[Dataset records]
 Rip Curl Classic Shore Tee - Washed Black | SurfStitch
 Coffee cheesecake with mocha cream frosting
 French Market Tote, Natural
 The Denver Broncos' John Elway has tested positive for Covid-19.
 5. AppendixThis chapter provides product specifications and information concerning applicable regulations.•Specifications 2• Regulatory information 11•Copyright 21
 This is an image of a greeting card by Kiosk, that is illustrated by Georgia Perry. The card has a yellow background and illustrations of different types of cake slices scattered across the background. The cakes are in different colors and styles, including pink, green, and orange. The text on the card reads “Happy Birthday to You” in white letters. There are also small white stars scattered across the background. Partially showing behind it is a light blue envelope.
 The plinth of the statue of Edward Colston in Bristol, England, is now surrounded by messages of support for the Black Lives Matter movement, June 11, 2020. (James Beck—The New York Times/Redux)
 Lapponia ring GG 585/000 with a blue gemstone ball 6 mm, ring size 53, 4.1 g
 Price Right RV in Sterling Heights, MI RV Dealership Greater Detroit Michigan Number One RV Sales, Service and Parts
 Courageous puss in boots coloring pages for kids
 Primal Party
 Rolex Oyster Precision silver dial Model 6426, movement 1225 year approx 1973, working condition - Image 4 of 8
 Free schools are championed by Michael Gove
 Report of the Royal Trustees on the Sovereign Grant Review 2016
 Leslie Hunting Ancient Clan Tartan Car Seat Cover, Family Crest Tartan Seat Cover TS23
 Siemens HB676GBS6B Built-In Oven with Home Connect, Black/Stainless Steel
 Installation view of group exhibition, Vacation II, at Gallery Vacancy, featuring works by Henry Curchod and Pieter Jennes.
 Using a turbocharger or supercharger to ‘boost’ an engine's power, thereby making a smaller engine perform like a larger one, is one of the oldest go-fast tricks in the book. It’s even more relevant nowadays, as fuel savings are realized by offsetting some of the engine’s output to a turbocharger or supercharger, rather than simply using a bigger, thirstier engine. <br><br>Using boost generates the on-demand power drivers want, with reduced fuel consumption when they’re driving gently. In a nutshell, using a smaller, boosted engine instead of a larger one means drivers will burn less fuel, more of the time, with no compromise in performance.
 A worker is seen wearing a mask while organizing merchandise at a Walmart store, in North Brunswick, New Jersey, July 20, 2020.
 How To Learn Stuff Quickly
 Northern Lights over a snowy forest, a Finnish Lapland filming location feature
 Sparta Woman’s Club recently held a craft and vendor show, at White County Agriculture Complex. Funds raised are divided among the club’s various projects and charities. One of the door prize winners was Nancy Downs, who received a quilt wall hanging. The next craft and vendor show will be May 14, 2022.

■ What the exercise asks: Write out exactly the lines above from the line with "How To Learn Stuff Quickly" through the line with "Northern Lights over", both of them included, and leave out all other lines.

■ Exercise solution:
 How To Learn Stuff Quickly
 Northern Lights over a snowy forest, a Finnish Lapland filming location feature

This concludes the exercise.